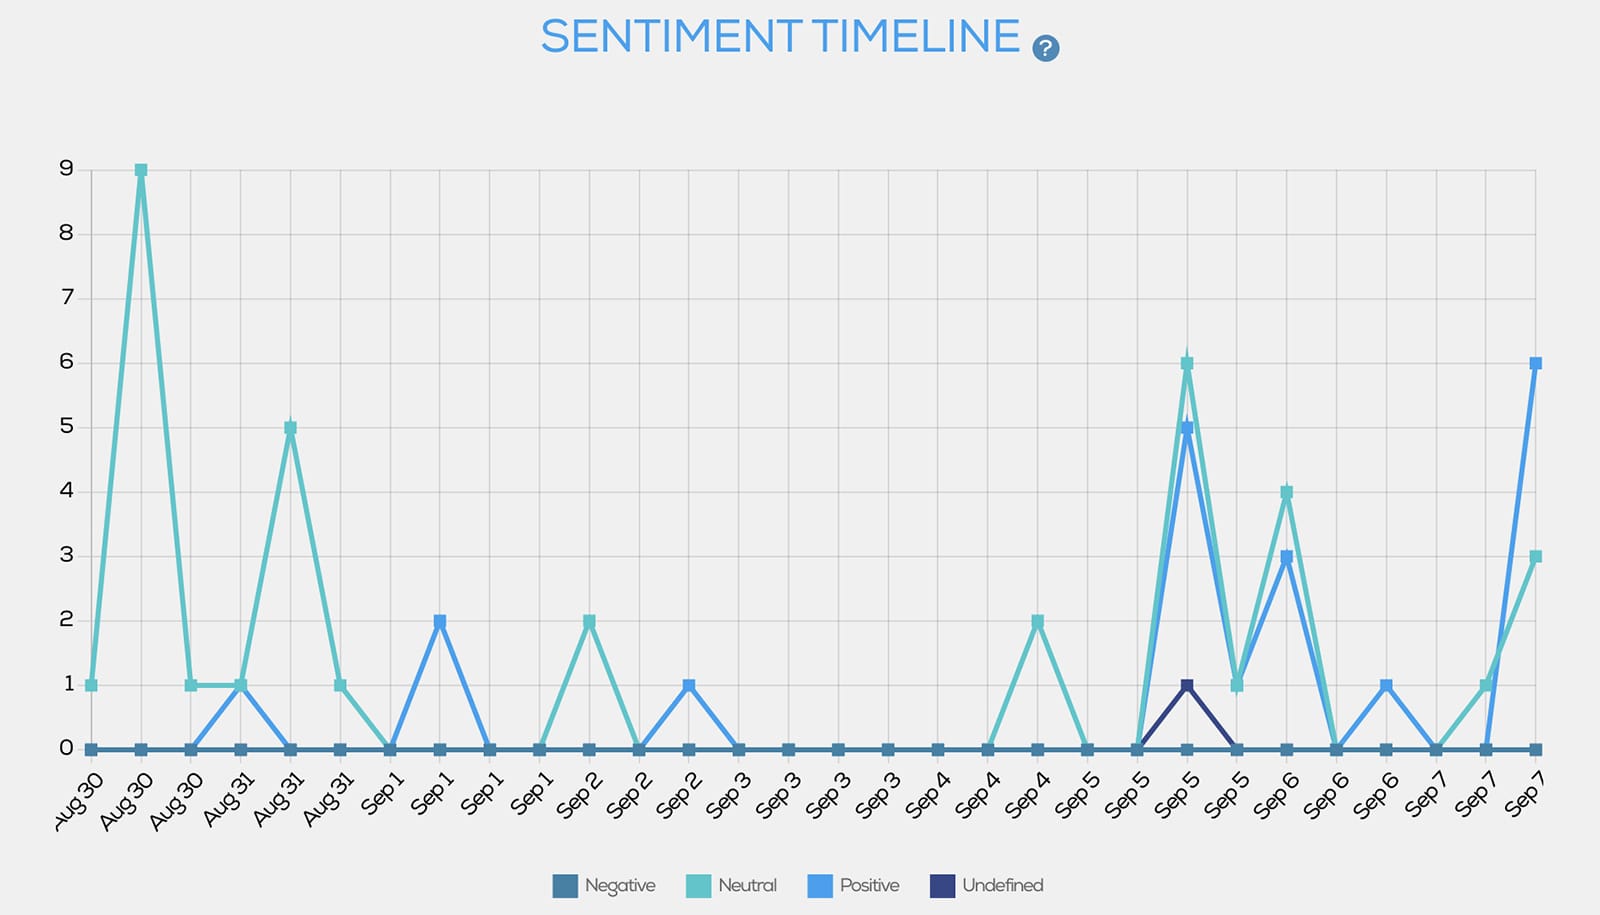 Tweet Binder - Twitter sentiment analysis
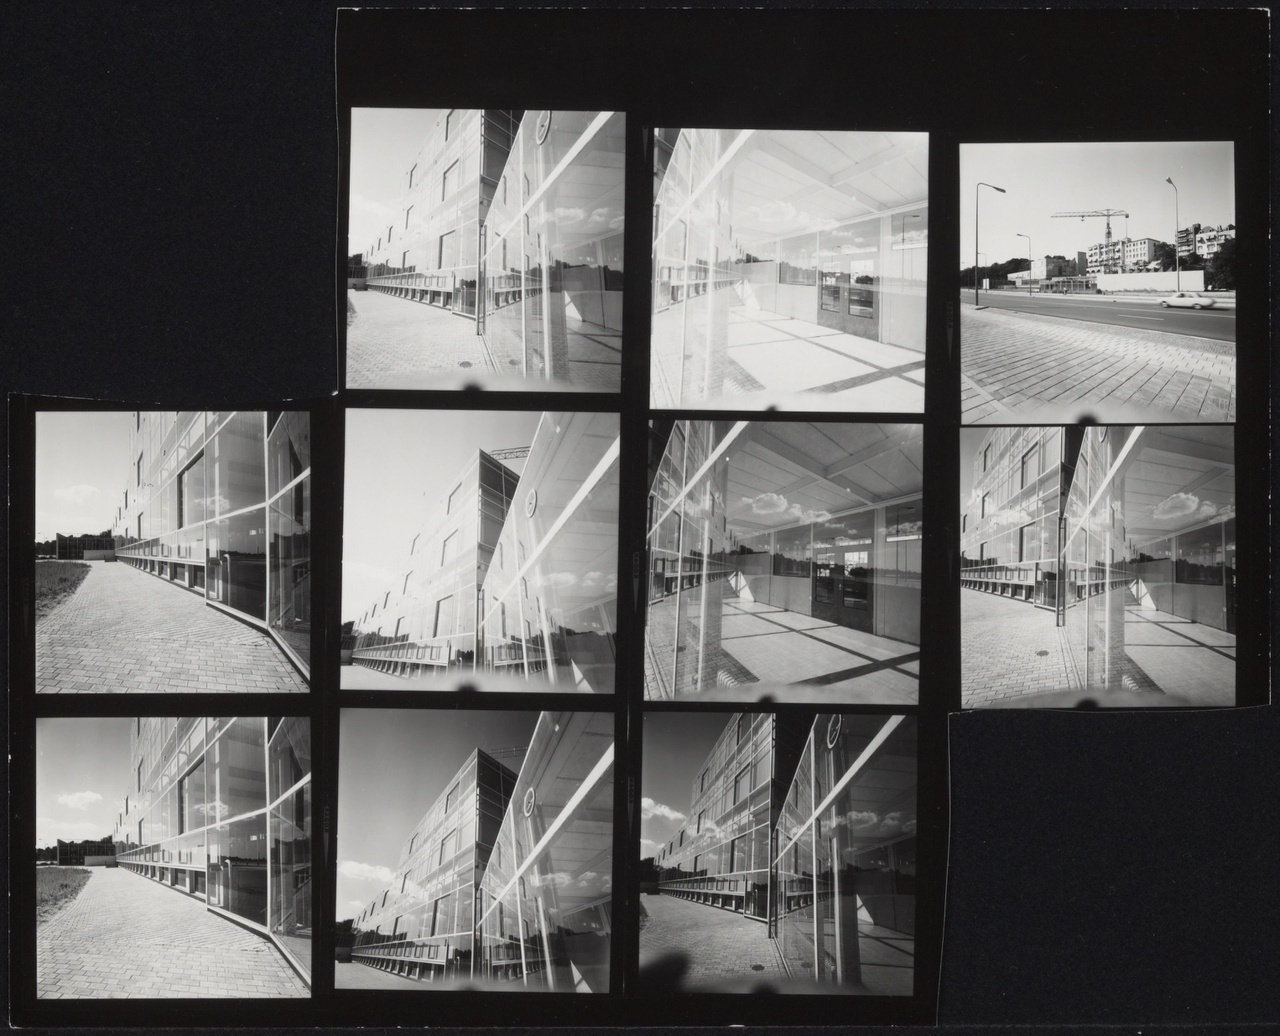 Afbeelding van Kunstacademie Arnhem, ca.1963, tien contact afdrukjes, van de glasgevels
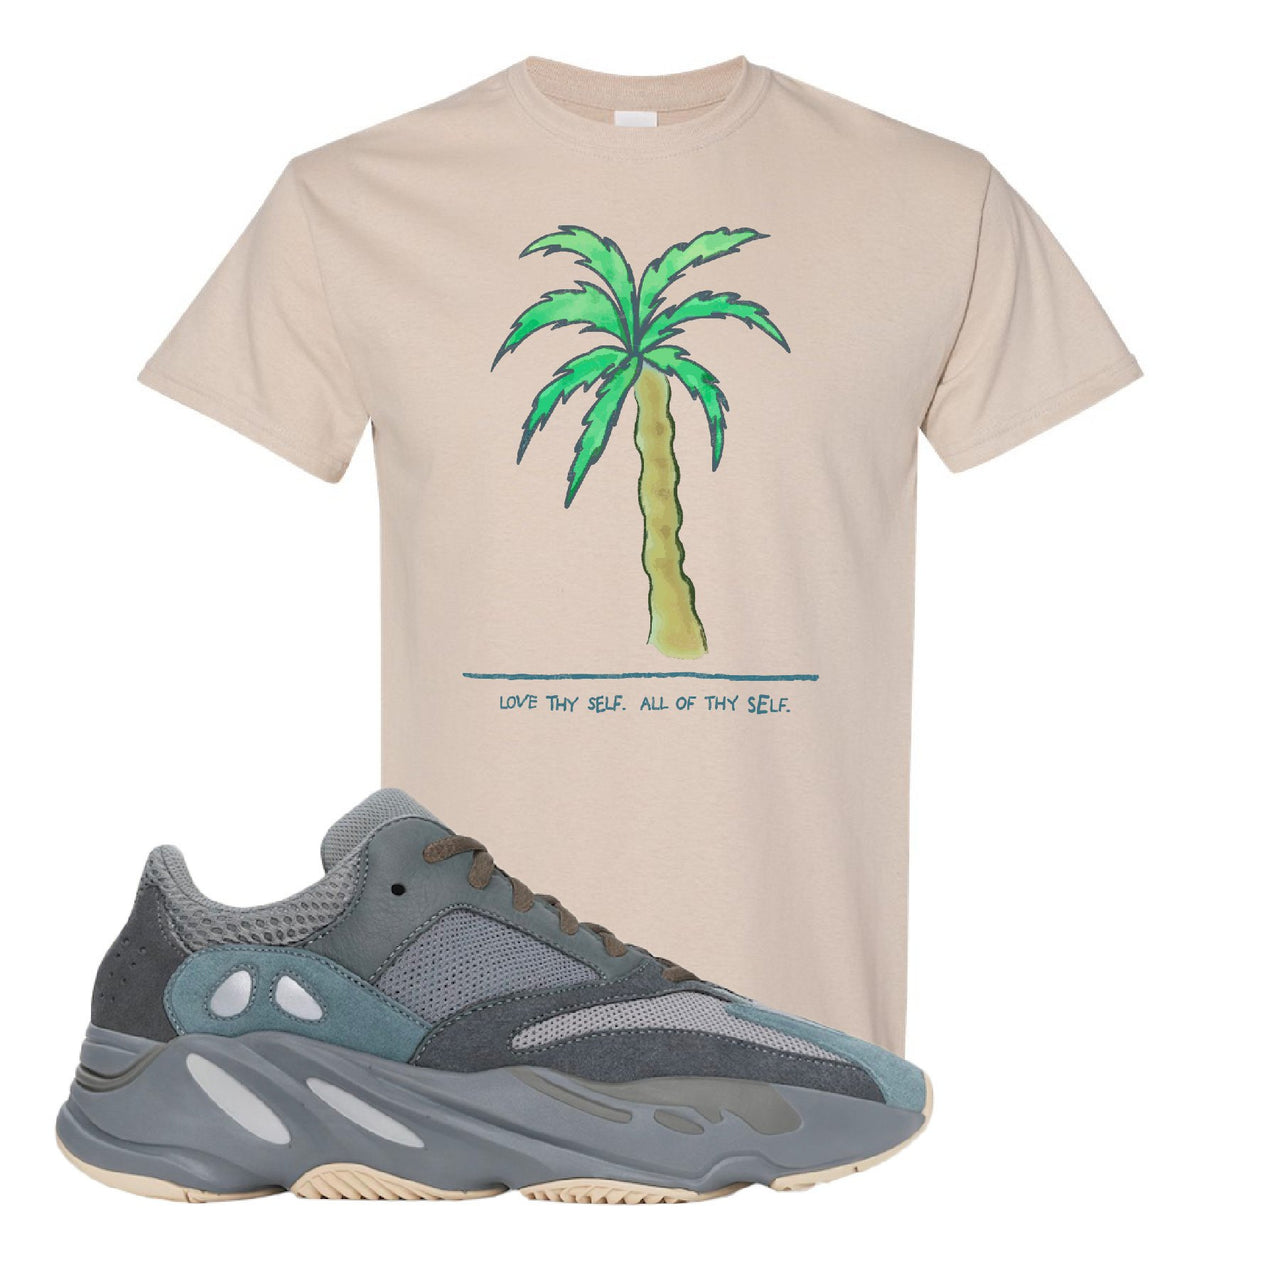 Yeezy Boost 700 Teal Blue Love Thyself Palm Sand Sneaker Hook Up T-Shirt

**********

What to do
From the first line to the last, transcribe the listing exactly; skip the pictures.

Response
 Tweet Binder - Twitter sentiment analysis
 Afbeelding van Kunstacademie Arnhem, ca.1963, tien contact afdrukjes, van de glasgevels
 Yeezy Boost 700 Teal Blue Love Thyself Palm Sand Sneaker Hook Up T-Shirt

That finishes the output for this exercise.